Return the lines beginning at the one that contains "Dove DermaCare Scalp" and continuing to the end of the entries, including both ends, exactly as written and nothing else.

Source records:
===============
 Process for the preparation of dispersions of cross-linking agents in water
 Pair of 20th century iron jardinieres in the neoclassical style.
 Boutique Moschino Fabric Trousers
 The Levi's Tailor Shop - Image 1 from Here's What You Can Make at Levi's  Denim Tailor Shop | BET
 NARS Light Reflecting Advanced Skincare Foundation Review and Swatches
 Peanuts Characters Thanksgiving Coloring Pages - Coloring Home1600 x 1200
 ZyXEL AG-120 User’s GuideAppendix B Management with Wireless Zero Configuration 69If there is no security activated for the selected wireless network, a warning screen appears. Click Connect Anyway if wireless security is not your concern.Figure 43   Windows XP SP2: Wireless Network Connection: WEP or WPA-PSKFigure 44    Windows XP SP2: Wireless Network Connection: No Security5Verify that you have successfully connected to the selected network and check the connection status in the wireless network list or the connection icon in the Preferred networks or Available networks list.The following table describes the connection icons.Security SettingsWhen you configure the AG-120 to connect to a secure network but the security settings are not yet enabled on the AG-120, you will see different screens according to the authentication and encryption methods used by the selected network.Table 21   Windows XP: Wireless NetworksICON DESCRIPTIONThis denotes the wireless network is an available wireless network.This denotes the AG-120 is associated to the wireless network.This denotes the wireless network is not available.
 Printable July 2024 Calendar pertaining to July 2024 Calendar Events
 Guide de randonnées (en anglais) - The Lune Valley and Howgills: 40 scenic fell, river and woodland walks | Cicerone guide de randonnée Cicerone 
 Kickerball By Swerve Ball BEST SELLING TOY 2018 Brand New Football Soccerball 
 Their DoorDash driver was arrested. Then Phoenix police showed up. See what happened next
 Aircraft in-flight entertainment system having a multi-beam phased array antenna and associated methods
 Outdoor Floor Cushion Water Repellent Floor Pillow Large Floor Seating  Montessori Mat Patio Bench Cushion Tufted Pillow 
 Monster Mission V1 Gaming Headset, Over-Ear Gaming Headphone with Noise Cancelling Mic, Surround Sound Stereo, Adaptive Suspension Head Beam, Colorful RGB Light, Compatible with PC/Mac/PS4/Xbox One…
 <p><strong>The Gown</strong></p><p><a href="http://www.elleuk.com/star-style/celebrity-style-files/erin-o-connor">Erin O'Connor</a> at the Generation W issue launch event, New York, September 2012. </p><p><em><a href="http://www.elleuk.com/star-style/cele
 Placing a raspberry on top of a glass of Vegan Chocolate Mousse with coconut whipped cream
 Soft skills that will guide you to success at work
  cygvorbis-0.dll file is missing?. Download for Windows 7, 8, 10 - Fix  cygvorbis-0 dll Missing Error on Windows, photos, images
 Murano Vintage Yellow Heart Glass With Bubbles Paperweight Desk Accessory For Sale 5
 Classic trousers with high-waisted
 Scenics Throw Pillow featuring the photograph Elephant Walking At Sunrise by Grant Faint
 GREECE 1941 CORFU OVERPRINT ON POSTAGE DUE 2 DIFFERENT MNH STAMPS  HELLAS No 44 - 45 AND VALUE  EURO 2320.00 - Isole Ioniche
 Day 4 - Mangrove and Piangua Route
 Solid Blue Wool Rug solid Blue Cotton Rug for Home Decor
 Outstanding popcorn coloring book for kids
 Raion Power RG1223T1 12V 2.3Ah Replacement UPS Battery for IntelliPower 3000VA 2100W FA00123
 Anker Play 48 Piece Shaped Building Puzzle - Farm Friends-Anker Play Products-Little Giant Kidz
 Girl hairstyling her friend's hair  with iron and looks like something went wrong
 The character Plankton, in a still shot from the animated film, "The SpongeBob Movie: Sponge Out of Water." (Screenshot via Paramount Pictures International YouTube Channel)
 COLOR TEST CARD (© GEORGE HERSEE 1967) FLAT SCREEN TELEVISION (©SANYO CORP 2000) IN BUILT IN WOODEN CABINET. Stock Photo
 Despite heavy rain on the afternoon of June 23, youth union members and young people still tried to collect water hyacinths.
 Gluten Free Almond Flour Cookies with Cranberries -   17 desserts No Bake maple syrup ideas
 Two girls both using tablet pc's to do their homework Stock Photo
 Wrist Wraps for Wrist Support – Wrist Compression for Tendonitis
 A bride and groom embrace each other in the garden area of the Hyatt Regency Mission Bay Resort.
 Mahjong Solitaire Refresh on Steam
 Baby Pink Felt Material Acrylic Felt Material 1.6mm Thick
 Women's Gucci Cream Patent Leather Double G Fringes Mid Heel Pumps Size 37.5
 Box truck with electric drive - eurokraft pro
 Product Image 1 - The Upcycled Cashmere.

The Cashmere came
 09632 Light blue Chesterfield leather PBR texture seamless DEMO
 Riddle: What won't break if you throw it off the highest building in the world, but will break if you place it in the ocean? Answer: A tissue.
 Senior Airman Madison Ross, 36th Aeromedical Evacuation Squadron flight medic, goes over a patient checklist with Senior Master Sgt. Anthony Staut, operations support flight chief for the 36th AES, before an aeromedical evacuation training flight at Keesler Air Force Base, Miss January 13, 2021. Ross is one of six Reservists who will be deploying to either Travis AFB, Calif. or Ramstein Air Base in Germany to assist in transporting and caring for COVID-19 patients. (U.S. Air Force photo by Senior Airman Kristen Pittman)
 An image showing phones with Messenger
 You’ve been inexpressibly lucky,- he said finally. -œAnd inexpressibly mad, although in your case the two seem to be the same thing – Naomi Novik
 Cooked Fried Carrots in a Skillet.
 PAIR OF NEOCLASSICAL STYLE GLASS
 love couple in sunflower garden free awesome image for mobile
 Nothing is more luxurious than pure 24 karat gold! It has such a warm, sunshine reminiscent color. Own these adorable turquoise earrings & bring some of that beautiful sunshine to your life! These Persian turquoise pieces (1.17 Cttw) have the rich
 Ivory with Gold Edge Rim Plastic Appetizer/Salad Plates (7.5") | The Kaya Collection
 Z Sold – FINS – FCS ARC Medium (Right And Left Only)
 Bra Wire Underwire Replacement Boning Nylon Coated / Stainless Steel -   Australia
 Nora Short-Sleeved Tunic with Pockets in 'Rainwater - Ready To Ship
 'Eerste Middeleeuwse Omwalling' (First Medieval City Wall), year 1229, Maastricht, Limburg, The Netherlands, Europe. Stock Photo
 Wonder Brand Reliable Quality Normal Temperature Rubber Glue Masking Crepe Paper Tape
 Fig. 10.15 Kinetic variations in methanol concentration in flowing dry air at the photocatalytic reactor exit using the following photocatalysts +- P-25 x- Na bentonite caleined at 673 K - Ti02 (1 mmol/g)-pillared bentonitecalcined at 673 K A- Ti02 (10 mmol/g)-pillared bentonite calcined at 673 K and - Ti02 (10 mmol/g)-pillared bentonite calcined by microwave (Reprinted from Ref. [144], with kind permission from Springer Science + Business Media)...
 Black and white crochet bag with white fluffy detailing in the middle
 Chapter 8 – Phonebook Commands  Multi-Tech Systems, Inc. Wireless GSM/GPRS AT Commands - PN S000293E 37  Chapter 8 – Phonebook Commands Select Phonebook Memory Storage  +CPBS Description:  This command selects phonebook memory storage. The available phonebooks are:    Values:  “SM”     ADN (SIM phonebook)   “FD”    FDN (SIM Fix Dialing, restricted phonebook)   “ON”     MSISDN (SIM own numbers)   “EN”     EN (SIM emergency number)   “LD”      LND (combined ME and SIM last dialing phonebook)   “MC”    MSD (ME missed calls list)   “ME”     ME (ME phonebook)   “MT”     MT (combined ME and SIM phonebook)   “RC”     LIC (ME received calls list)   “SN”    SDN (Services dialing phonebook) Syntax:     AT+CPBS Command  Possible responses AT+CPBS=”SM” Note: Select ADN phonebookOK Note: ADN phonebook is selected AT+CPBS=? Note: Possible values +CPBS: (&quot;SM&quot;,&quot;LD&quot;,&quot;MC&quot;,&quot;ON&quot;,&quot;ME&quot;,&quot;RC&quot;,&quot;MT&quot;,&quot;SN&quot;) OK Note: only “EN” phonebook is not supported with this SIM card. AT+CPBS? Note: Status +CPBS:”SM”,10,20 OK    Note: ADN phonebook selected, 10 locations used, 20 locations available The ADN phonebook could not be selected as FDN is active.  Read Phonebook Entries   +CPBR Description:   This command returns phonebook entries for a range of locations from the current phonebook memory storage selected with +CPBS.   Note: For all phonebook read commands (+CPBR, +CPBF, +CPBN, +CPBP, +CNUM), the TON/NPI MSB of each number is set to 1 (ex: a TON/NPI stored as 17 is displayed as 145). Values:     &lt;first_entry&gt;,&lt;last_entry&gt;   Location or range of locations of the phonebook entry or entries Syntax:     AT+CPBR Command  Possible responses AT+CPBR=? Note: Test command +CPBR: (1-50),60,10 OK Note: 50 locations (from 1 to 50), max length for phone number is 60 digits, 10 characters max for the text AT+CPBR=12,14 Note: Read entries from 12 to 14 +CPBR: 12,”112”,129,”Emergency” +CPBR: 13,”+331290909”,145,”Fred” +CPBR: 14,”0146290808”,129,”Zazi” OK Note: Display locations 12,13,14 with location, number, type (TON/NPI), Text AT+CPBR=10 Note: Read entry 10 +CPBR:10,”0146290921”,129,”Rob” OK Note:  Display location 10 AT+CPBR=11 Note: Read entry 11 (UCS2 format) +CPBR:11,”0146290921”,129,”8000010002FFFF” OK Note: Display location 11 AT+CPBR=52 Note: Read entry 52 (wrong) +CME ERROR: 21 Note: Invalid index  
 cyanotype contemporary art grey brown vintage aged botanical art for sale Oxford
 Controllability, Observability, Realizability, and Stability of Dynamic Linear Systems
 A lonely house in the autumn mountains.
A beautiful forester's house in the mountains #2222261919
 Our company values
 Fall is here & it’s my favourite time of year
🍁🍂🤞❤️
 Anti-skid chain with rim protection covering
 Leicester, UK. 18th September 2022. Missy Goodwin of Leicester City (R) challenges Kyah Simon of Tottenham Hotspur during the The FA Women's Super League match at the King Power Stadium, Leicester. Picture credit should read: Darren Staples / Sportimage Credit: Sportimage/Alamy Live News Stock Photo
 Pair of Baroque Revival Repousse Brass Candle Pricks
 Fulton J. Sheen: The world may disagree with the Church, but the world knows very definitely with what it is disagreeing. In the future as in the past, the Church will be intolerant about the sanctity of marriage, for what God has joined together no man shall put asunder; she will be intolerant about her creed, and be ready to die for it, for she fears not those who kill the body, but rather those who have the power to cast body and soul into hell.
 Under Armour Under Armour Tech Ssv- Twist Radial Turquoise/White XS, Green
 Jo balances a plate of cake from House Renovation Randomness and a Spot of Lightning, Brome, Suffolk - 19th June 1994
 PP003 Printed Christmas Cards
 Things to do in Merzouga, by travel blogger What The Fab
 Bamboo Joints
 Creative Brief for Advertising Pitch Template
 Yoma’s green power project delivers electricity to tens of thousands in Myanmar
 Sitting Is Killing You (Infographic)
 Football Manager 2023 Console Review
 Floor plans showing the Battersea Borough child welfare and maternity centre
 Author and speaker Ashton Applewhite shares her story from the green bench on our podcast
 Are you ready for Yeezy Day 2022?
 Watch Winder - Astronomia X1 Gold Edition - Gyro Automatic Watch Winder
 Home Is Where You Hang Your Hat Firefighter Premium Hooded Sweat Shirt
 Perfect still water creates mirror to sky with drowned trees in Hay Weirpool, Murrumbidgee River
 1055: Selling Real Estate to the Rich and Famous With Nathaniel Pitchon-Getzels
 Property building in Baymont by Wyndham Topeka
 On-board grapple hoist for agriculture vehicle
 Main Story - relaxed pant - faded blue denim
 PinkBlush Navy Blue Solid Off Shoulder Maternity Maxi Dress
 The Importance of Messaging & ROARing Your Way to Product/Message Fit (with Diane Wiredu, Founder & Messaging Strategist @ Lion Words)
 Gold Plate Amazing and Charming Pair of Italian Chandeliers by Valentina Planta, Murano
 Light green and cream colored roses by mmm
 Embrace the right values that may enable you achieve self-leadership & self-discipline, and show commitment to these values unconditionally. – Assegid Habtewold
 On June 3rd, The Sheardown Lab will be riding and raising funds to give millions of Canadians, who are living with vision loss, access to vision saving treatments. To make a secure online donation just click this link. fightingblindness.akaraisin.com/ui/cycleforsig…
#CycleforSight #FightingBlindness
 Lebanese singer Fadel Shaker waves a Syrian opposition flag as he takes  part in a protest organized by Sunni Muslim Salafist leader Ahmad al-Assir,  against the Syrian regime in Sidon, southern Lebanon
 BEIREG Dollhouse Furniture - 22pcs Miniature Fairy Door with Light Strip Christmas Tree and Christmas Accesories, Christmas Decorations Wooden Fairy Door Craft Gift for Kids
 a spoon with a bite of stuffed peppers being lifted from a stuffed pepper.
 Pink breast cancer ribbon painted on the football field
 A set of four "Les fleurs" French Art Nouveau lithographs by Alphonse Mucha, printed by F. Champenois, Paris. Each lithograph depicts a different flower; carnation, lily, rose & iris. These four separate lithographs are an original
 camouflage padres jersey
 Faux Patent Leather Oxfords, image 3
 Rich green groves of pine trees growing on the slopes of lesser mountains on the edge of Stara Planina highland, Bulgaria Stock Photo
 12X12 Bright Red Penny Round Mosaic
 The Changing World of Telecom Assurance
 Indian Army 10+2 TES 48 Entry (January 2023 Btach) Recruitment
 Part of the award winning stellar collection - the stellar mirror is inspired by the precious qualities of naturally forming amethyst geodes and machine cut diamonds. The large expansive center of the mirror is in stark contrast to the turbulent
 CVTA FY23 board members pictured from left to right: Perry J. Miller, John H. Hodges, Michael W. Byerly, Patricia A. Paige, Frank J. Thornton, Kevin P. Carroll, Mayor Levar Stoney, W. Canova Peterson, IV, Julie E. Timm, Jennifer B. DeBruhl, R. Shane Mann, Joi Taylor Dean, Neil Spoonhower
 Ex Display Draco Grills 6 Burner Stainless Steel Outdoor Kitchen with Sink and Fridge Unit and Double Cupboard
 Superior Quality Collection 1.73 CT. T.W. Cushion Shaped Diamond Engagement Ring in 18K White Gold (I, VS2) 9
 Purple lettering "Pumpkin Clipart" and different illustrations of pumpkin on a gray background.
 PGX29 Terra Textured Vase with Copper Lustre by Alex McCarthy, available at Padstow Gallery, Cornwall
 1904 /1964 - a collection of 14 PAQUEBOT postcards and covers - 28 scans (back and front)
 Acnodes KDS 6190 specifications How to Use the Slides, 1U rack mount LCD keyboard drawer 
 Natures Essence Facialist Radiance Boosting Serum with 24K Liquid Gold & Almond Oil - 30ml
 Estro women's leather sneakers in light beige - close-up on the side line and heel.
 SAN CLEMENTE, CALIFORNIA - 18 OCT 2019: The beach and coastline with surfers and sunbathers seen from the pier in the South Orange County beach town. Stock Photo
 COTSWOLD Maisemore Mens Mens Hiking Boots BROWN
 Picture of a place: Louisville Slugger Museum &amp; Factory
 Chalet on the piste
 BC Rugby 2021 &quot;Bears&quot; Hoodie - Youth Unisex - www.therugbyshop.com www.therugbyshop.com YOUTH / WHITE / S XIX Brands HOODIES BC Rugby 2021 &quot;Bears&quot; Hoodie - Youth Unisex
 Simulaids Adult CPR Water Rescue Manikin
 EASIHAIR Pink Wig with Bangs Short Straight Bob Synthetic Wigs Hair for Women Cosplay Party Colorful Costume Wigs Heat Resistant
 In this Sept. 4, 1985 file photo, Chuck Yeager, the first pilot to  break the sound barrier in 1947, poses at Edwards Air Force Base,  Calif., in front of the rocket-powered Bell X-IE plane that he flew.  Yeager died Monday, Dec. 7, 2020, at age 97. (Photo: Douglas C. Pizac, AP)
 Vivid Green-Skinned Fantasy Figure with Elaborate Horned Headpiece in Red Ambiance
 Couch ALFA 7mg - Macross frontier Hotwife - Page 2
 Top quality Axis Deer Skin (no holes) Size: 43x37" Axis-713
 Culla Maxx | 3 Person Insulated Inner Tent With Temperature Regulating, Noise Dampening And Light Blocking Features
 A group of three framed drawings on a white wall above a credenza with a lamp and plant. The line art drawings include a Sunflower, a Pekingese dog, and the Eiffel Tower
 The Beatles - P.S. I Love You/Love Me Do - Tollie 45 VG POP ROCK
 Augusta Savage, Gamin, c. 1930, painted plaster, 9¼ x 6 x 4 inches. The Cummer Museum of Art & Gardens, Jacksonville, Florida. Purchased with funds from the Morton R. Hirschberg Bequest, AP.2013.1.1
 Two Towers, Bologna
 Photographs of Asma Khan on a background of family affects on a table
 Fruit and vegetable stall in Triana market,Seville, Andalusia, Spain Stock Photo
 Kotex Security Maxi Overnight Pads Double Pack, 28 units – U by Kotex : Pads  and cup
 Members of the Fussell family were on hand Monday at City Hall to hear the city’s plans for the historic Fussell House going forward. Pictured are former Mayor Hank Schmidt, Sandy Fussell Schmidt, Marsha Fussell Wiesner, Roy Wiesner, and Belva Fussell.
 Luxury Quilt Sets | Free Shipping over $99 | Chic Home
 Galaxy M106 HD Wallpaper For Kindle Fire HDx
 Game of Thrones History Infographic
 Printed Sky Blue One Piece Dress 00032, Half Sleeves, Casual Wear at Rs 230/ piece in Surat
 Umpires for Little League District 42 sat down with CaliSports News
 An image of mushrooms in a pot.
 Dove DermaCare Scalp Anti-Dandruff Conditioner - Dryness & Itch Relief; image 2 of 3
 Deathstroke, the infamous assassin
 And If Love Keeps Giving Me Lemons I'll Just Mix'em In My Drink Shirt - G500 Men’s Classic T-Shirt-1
===============
Output below ->
 Dove DermaCare Scalp Anti-Dandruff Conditioner - Dryness & Itch Relief; image 2 of 3
 Deathstroke, the infamous assassin
 And If Love Keeps Giving Me Lemons I'll Just Mix'em In My Drink Shirt - G500 Men’s Classic T-Shirt-1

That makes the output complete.